Hypothesis Tests Involving Means

May 6, 2024

Looking at various hypothesis tests involving the mean or difference of means

So far, I’ve looked at various ways that we can find the confidence interval for a difference of means, using both the frequentist (here and here) and Bayesian (here and here) frameworks. In this post, I’ll be looking at hypothesis tests which involve the mean.

Quick Recap of Hypothesis Testing

Before we begin, let’s remind ourselves of what the idea of hypothesis testing is. Essentially, we are going to start with our null hypothesis: our idea that we initially believe to be true, or the status quo. We are going to assume that this is true, and then look at the probability of the data that we collected, given the null hypothesis. If the data is very unlikely (again, given the null), we reject the null hypothesis. If the data is roughly congruent with the null hypothesis (at whatever significance level we’ve decided on), then we fail to reject the null hypothesis.

In this way, hypothesis testing is much like a trial where the null hypothesis would be innocence. If the evidence is overwhelmingly unlikely given that they are innocent, then we reject the hypothesis of innocence, finding them guilty. However, if the evidence is congruent with them being innocent, then we fail to reject their innocence, finding them not guilty instead.

Let’s look at an example to help explain this.

Testing $\mu = \mu_0$ (large samples)

Let’s start by testing the null hypothesis that our population mean, $\mu$ , is equal to some predetermined value, $\mu_0$ . In this case, our null hypothesis (our starting point) is that the population mean $\mu = \mu_0$ , and we will then look at the data to see if that is likely.

It seems reasonable to start with our sample mean, $\bar{x}$ . We know that under some reasonable assumptions,

\bar{X} \sim \text{Normal}\left(\mu, \frac{\sigma}{\sqrt{n}}\right)

assuming that the underlying population has mean $\mu$ and standard deviation $\sigma$ . In our case, since we start with the assumption that the null hypothesis is correct, we have

\bar{X} \sim \text{Normal}\left(\mu_0, \frac{\sigma}{\sqrt{n}}\right)

or more commonly,

z = \frac{\bar{x} - \mu_0}{\sigma / \sqrt{n}} \sim \text{Normal}(0, 1)

If the sample size is large, we can safely substitute the sample standard deviation, $s$ , for the true population standard deviation, $\sigma$ .

z = \frac{\bar{x} - \mu_0}{s / \sqrt{n}} \sim \text{Normal}(0, 1)

If we want to test our hypothesis at a significance level of $\alpha$ against the alternative hypothesis that $\mu \neq \mu_0$ , then we know that the region $[-z_{\alpha / 2}, z_{\alpha / 2}]$ contains $1 - \alpha$ of the probability, and so if our null hypothesis is true, then with probability $1-\alpha$ our sample mean $\bar{x}$ will be in this region.
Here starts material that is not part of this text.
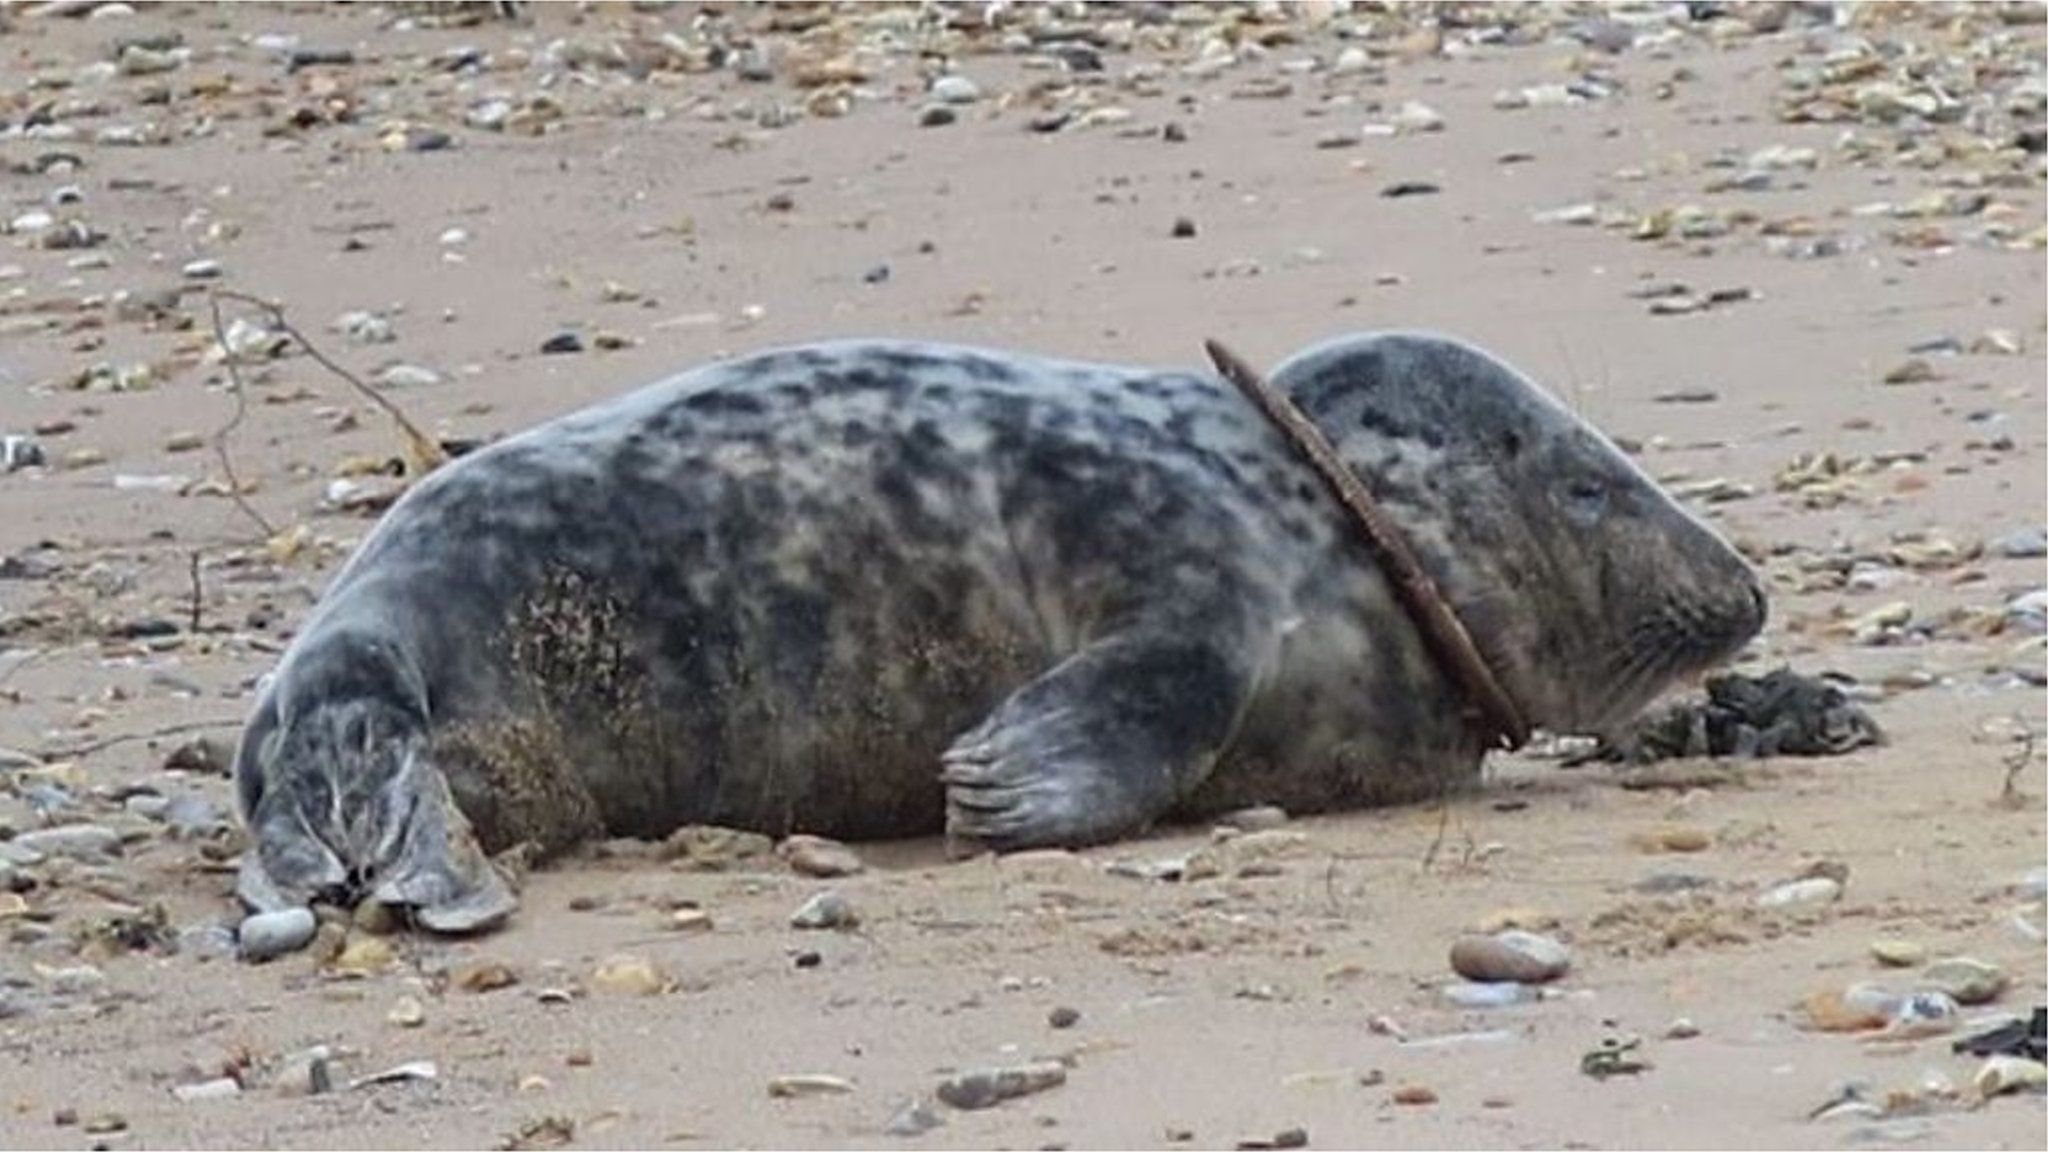 The seal named Relashio was close to death when he was rescued in May.

Conversely, with probability $\alpha$ it will not be in this region, and so we will reject the null hypothesis.

Again, this is exactly the process of creating a confidence interval and then determining whether our sample statistic is within the confidence interval.

library(ggplot2)
options(repr.plot.width=15, repr.plot.height=8)

x <- seq(-3, 3, by=0.01)
y <- dnorm(x, mean=0, sd=1)
alpha <- 0.1
z_alpha2 <- qnorm(alpha/2, mean=0, sd=1, lower.tail=FALSE)
plot_df <- data.frame(x=x, y=y)

personal_theme <- theme(
    plot.title = element_text(hjust=0.5, size=18),
    panel.background = element_rect(fill = "white", colour = "white", linewidth=0),
    axis.title.x = element_text(size = 12),
    axis.title.y = element_text(size = 12),
    panel.grid.major = element_line(color = alpha("black", 0.2), linetype = "dashed")
)

ggplot(plot_df, aes(x, y)) +
    geom_line() +
    geom_area(data=plot_df[plot_df$x > z_alpha2,], aes(fill="Rejection Region"), alpha=0.2) +
    geom_area(data=plot_df[plot_df$x < -z_alpha2,], aes(fill="Rejection Region"), alpha=0.2) +
    annotate('label', x=0, y=0.2, label=expression(1-alpha), fill="white", label.size=NA) +
    annotate('text', x=-2, y=0.03, label=expression(frac(alpha, 2))) +
    annotate('text', x=2, y=0.03, label=expression(frac(alpha, 2))) +
    annotate('label', x=0, y=0.25, label="Acceptance Region\n(Confidence Interval)", fill="white", label.size=NA) +
    scale_x_continuous(
        breaks=c(-z_alpha2, 0, z_alpha2),
        labels=c(expression(-z[alpha/2]), 0, expression(z[alpha / 2]))) +
    scale_fill_manual(values="blue") +
    labs(x='x', y='Density', title="Hypothesis Testing for the Mean", fill="Fill") +
    personal_theme

A plot of a normal distribution showing the acceptance and rejection regions

Let’s look at an example to illustrate this point.

Example

A random sample of 100 deaths during the last year in the United States showed an average life span of 71.8 years with a standard deviation of 8.9 years. Does this indicate that the average life span today is greater than 70 years? Use a 0.05 significance level.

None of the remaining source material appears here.